Alternative energy as the name suggests is an option to fossil fuels. Alternative source of energy have been conceptualized and developed to deal with the ill-effects of fossil fuel. The term “alternative” has itself been controversy ridden. Categorizing some energy source as alternatives has resulted in wide spread protests from the environmentalist.

As of today, alternative sources of energy are supposed to cut down the green house gas effects in particularly carbon dioxide which can cause catastrophic damage to aquatic life, and life on earth, in general.
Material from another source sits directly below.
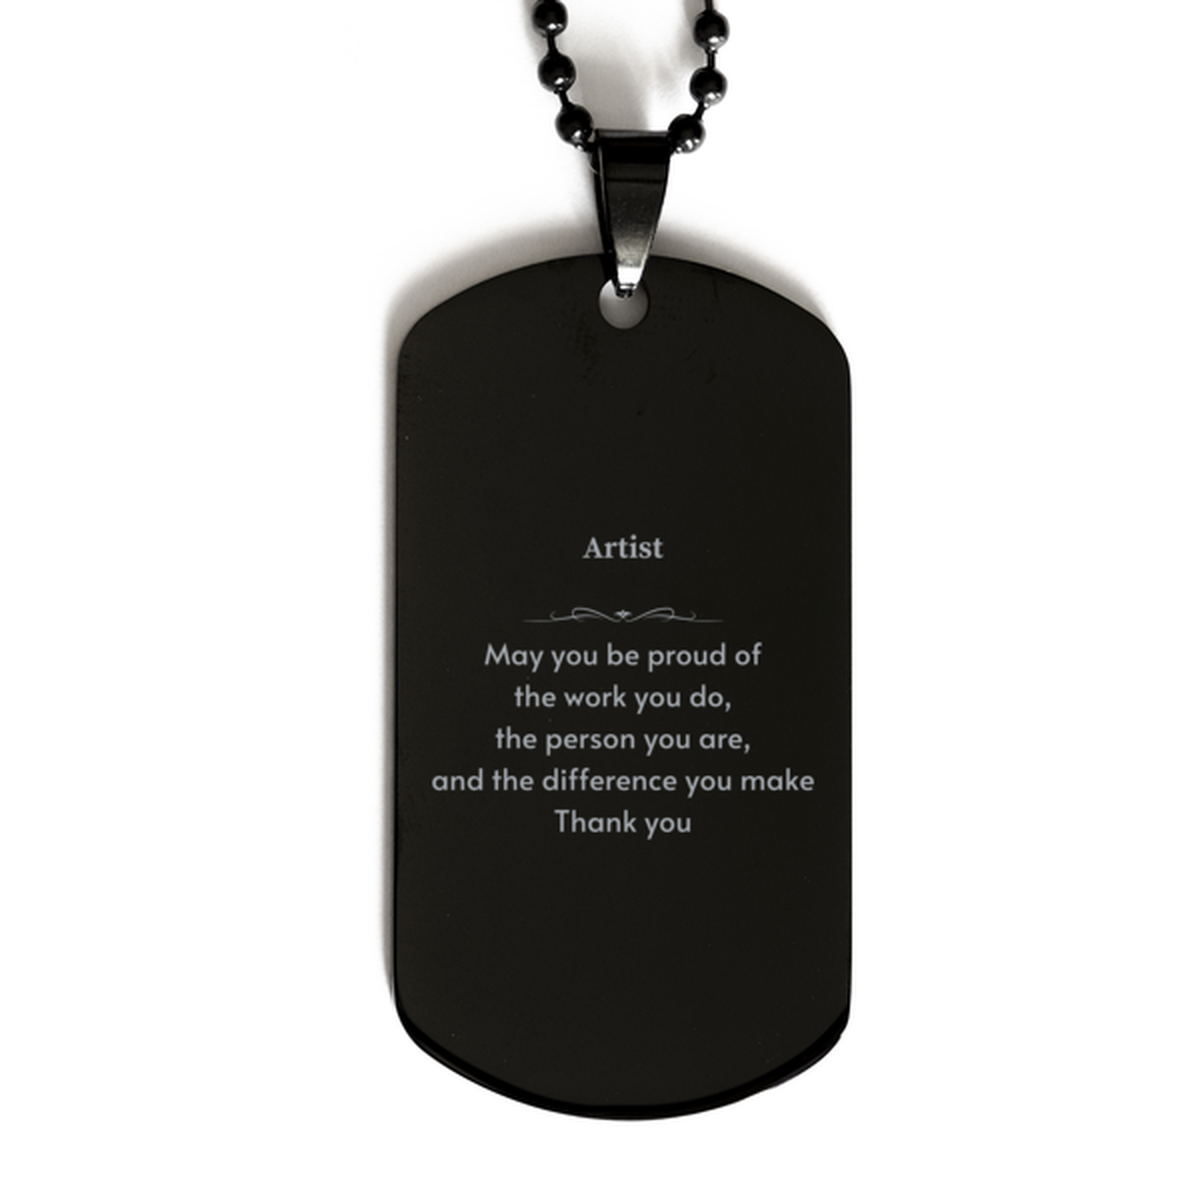 Heartwarming Black Dog Tag Retirement Coworkers Gifts for Artist, Artist May You be proud of the work you do, the person you are Gifts for Boss Men Women Friends

The last few decades has witnessed a rapid increase in temperature due to the greenhouse gases released in the atmosphere. 

Solar energy is the most abundant of all energy resources; the rate at which solar energy is intercepted by the earth is about 15,000 times greater than the rate at which energy is consumed. Although not all countries are equally endowed with solar energy, power generation from direct solar energy is possible for almost every country. Solar energy conversion consists of a large family of different technologies capable of meeting a variety of energy service needs. For power generation, solar energy is either converted directly into electricity in a device called a photovoltaic (PV) cell, or solar thermal energy is used in a concentrating solar power (CSP) plant to produce high-temperature heat, which is then converted to electricity via a heat engine and generator. Both approaches are currently in use.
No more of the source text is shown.